# HM Prison AKA The Dana - (Permission) - Image Heavy February 2017



## mockingbird (Feb 8, 2017)

The Dana
(Permission)




As I was away over the Christmas period visiting family further up the country than myself, an celebrating new years with good friends, a few of us decided to pay a visit to The Dana. This place seemed so popular across social media and here that I held off posting till now. I have to say if it wasn't for Shatners report I doubt I would of gone given how much human traffic went after, but we was close and fancied a nose about so off we set.

History:

The prison closed in March 2013, it was a category B/C men's prison and remains open to the public until the end of 2017 (if I remember rightly). Think this was extended due to how well the tours are, of course you can either be escorted around or go around on your own, (which is more fun) if you don't fancy learning the ins and outs and simply go for photo-graphical merit.

The prison has been on site since 1793, the original building being constructed by Thomas Telford to plans by Shrewsbury architect John Hiram Haycock. the present prison building was constructed in 1877. The prison took female convicts until 1922.

Between 1902 and 1961 the following seven people were executed by hanging within the walls of HMP Shrewsbury for the crime of murder.
Richard Wigley, aged 34 years, on Tuesday, 18 March 1902, for the murder of his girlfriend Mary Ellen Bowen.
William Griffiths, aged 57 years, on Tuesday, 24 July 1923, for the murder of his mother Catherine Hughes.
Frank Griffin, aged 40 years, on Thursday, 4 January 1951, for the murder of Jane Edge.
Harry Huxley, aged 43 years, on Tuesday, 8 July 1952, for the murder of his girlfriend Ada Royce.
Donald Neil Simon, aged 32 years, on Thursday, 23 October 1952, for the murders of his estranged wife Eunice 
Simon and her lover Victor Brades.
Desmond Donald Hooper, aged 27 years, on Tuesday, 26 January 1954, for the murder of Betty Smith
George Riley aged 21 years on Thursday, 9 February 1961, for the murder of his neighbour Adeline Mary Smith.

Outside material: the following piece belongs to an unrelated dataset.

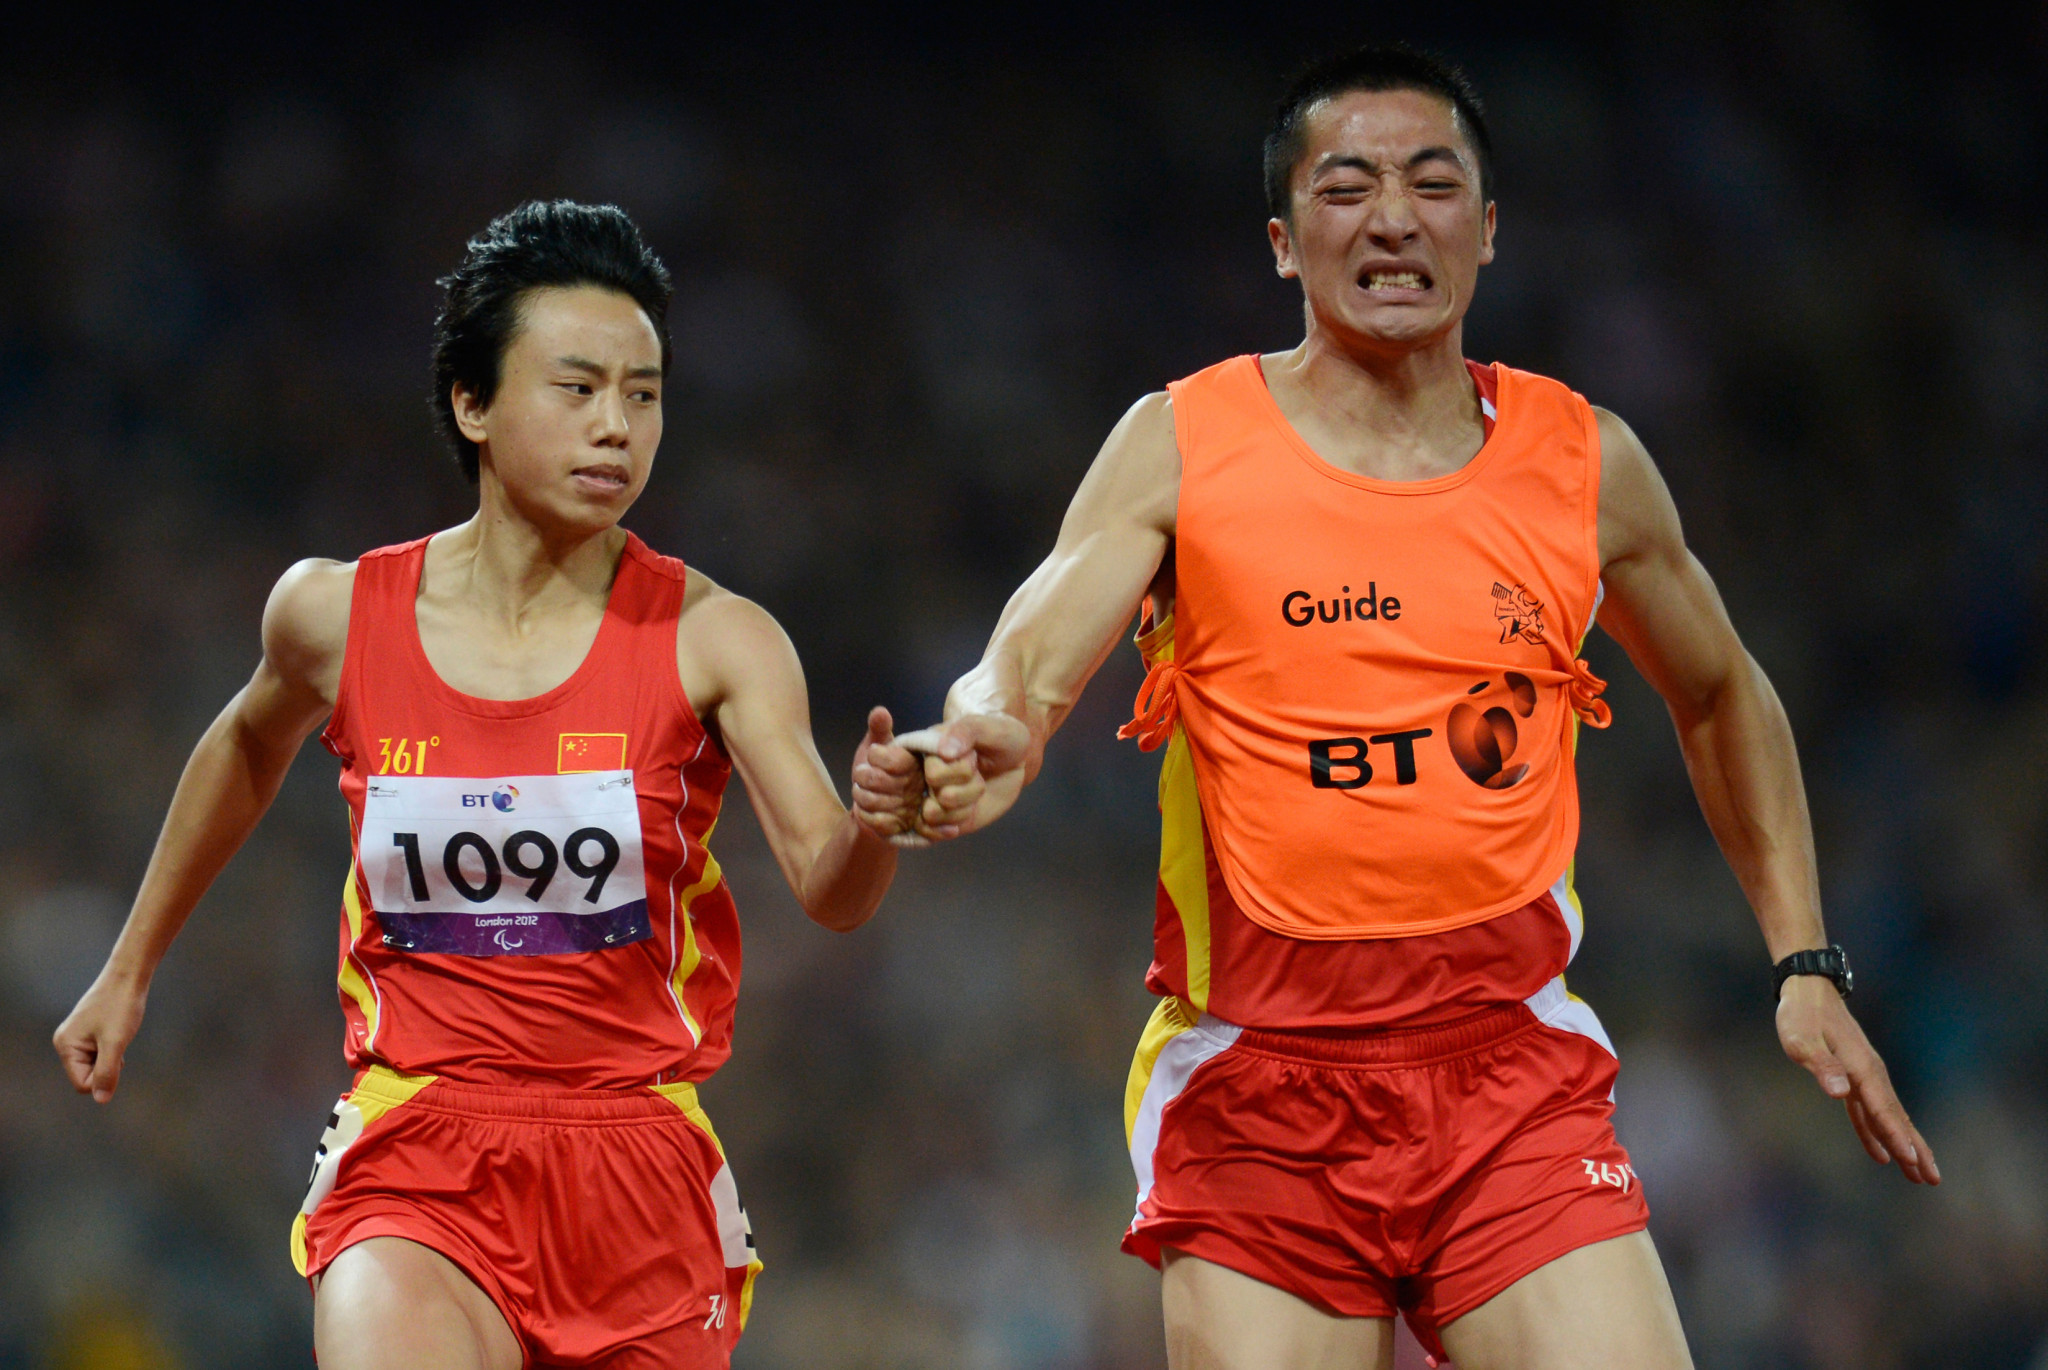 Sprinter Zhou records world leading long jump attempt at home World Para Athletics Grand Prix

The names of their victims and their relationships with them appear also. In almost every case the murder victim was female. Executions took place at 8.00 am. All executed prisoners were buried in unmarked graves inside the prison, as was customary. The four executions which took place during the 1950s were all conducted by Albert Pierrepoint and his assistant. The last execution in 1961 was conducted by Harry Allen and his assistant. In February 2014 the Ministry of Justice stated that the remains of ten executed prisoners were exhumed from the prison in 1972, cremated at a local crematorium and the ashes scattered there.

In September 2004, Member of Parliament George Stevenson,called for an enquiry into the amount of suicides which had occurred at Shrewsbury Prison. This came after 3 inmates had hanged themselves at the jail in 2 weeks. A report in 2005 named Shrewsbury prison as the most overcrowded in England and Wales. In August 2008 a further report stated that the prison had 178 places in use but held 326 inmates - an overcrowding rate of 183%.
A report in June 2012 by the Prison Reform Trust awarded Shrewsbury second place in England and Wales for overcrowding, holding 326 prisoners in space designed for 170 men, a figure exceeded only by Kennet in Liverpool at the time. In 1934, the prison had contained the larger number of 204 cells.

Before closure, Shrewsbury was a Category B/C prison accepting adult males from the local courts in its catchment area. Accommodation at the prison consisted of double occupancy cells in mostly Victorian buildings. The prison offered education and workshops to inmates. A Listener Scheme was also available to prisoners at risk of suicide or self-harm.

In January 2013, it was announced that the prison was scheduled for closure.

My Thoughts

The prison itself has such a feel to it its rather hard to describe, we had the place to ourselves for the duration we was there, it really did feel closed in, I have a gripe with big places, that after awhile it all looks the same, such as asylums and hospitals and some big factories, but that's not to say it wasn't enjoyable and an experience in itself, venturing up and down countless stairs that seemed to be at a dodgy angle (I later learned it made it difficult to run up the stairs or down, so inmates would have issues trying to escape). Walking into places that said no admittance was rather fun, but not much remained of any photographic value, other than some tool before I went throwing toilet tissue about in the upper sections.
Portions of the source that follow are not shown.